Sally Fincher, January 1996

Endnotes

  1. For a fuller consideration of the conditions which led up to the EHE initiative, and, to a lesser extent, the DNs initiative itself, see Achieving Quality Learning in Higher Education, Peggy Nightingale and Mike O'Neil, Kogan Page, 1994.

  2. My grateful thanks to: Nick Bailey, Mike Bennett, Mike Brown and Doug Goodsir, Ellie Chambers, Ashley Clarke and Mike Carney, Helen Corbett, Sue Doubell, Peter Franklin, John Garratt, Arnold Goldman, Roy Gregory, Simon Heath, Janet Henney, Dennis Hobson, Jill House, Ian Hughes, Mike Kitson, William Locke, Hugh Matthews, Pat McChesney, Peter McCrorie, Gaye Ortiz, Alan Pike, Richard Wilson, Gill Young and Di Marks-Maren for their time, co-operation, patience and hospitality.
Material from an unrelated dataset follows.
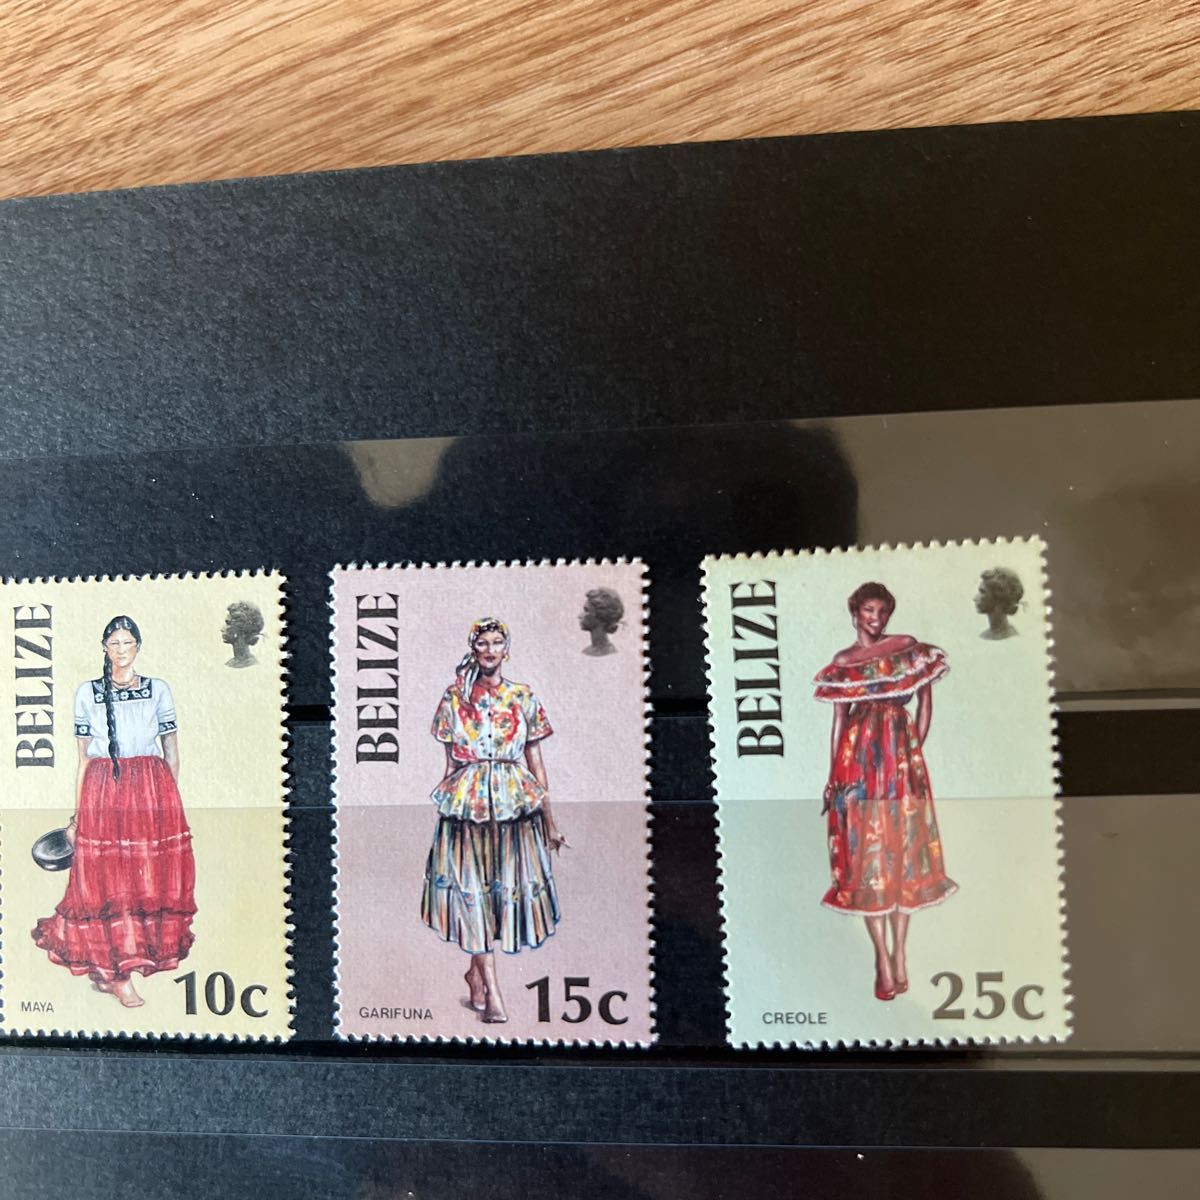 外国民族衣装切手 世界の民族衣装8種（べリーズ）。 モンゴル民族衣装7種。未使用
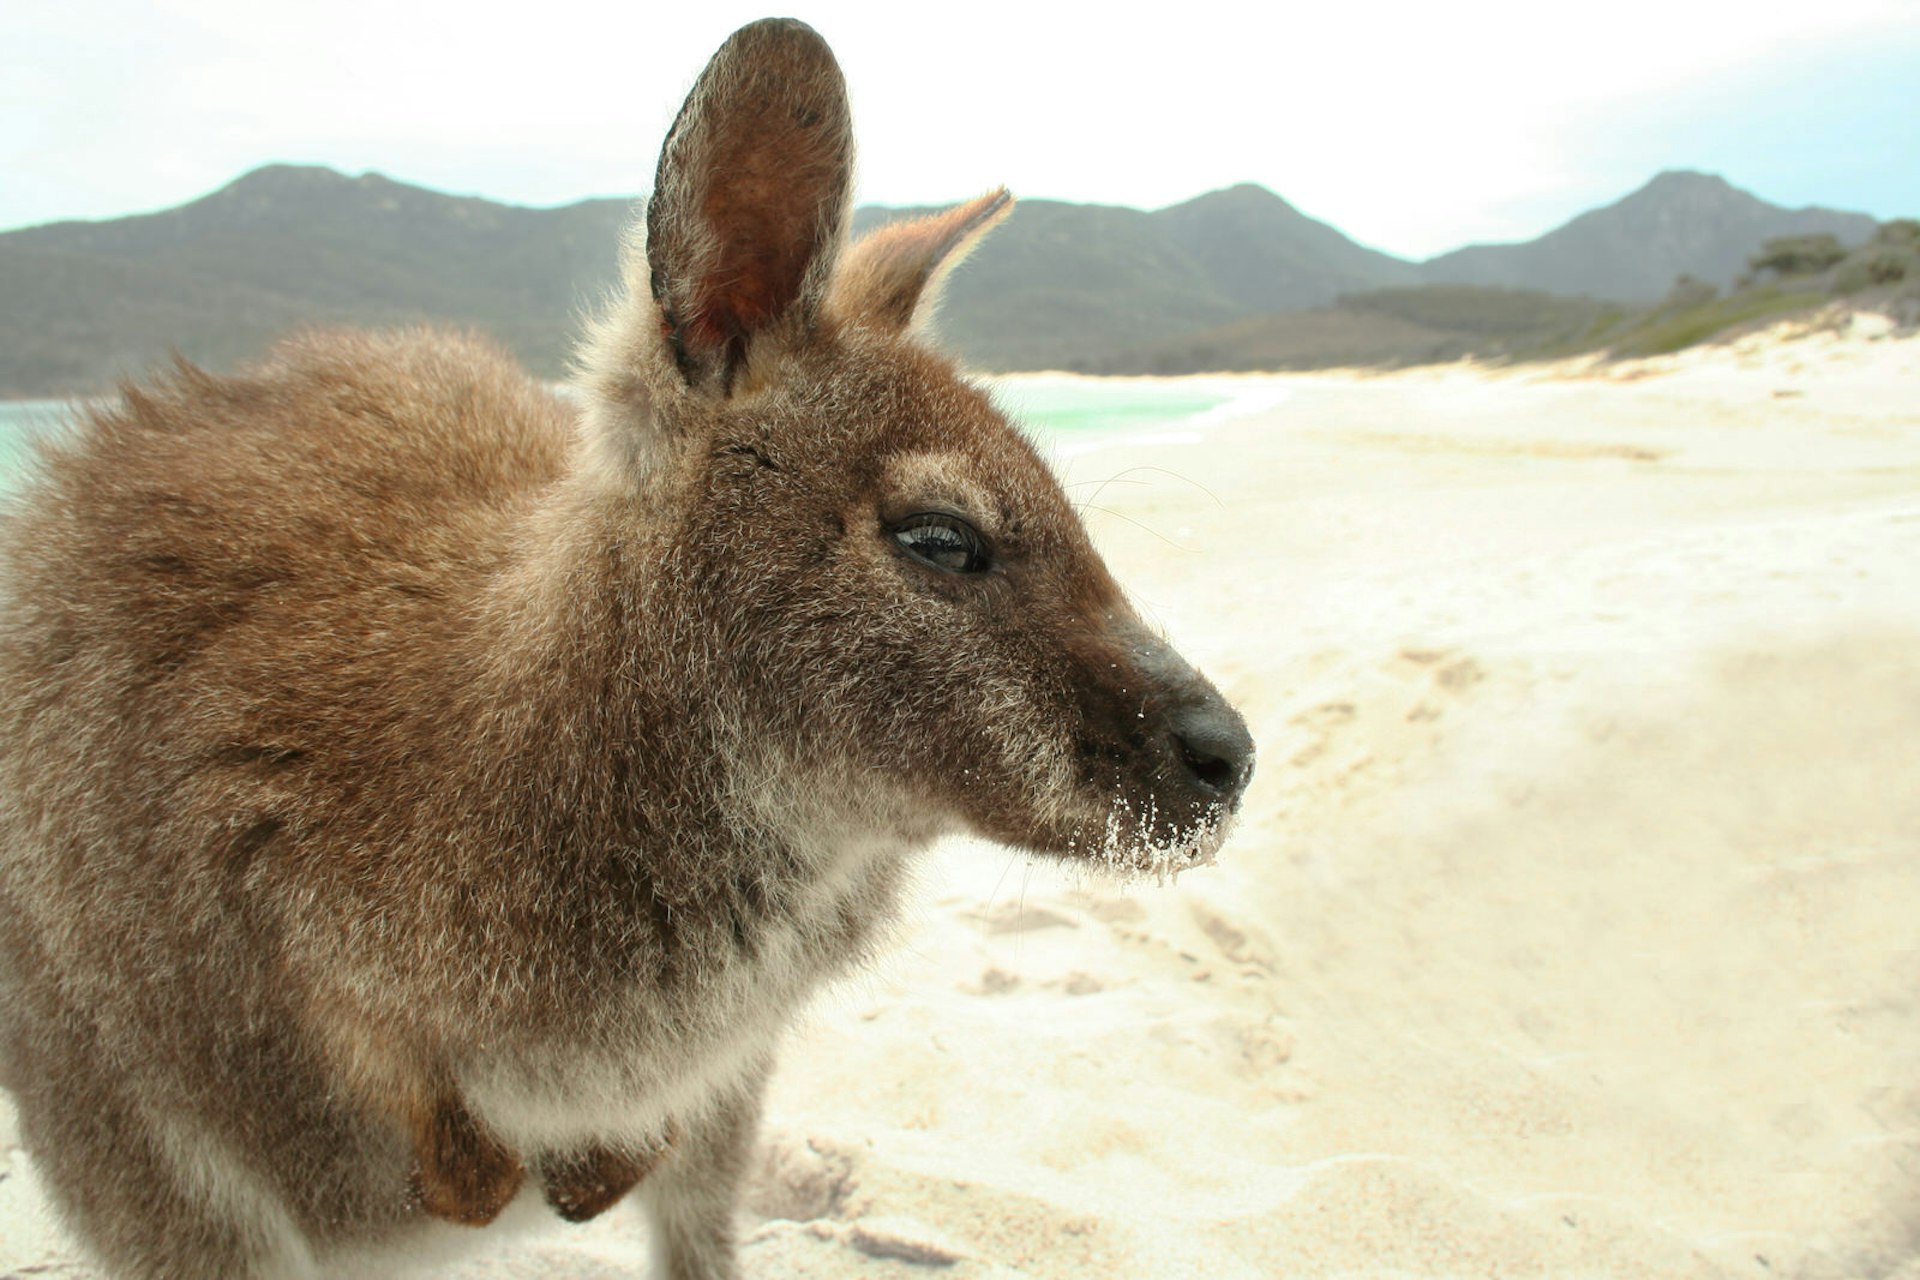 Wallaby on an Aussie beach!

  3. David Stuart, Introductory Remarks at the first Discipline Networks Workshop, Sheffield, 12 July 1995.

  4. There is also an interesting contextual use of the term (although not in its DNs incarnation) in Achieving Quality Learning in Higher Education Peggy Nightingale and Mike O'Neil, Kogan Page, 1994, pp 39-40

  5. David Stuart, op cit

  6. The Evaluation Reports of the DNs initiative compare networks on qualitative ground. For a contrasting approach, see the Evaluation Reports produced by Stephen McNair, the Evaluation Consultant for the Department of Employment for the DNs initiative.

  7. The CTI (Computers in Teaching) initiative is funded by the Higher Education Funding Council for England, the Scottish Higher Education Funding Council, the Higher Education Funding Council for Wales and the Department of Education for Northern Ireland. 23 specialist centres each service the needs of a specific subject area.
    [Note added December 2000. The CTI centres came to the end of their funding period and were replaced by 24 LTSN (Learning and Teaching Support Network) centres. The LTSN centre for Information and Computer Sciences incorporates the old Computing CTI centre]

  8. I am indebted to Nick Bailey for coining this phrase in relation to Discipline Networks.

  9. Although it is interesting to note that Phil Agre has used the term "community" in precisely this sense in the recent edition of The Network Observer Volume 2, Number 7 "Let's define a 'community' to be a set of people who occupy analogous locations in social or institutional structures. This is not the ordinary use of the term 'community', and it will take a moment to explicate it fully. First some examples. The people who are in charge of the parking lots on American university campuses are a community. The Republicans who ran for elected offices in the 1994 elections were also a community ..." The Network Observer can be found here.

  10. For an example of the problems of an innovative approach to learning, see Innovating at the OU: Resource-Based Collaborative Learning Online, Gary Alexander and Robin Mason, Centre for Information and Technology Report, No. 195, March 1994.

  11. See the forthcoming publication of the American Association for Higher Education, Making Teaching Community Property.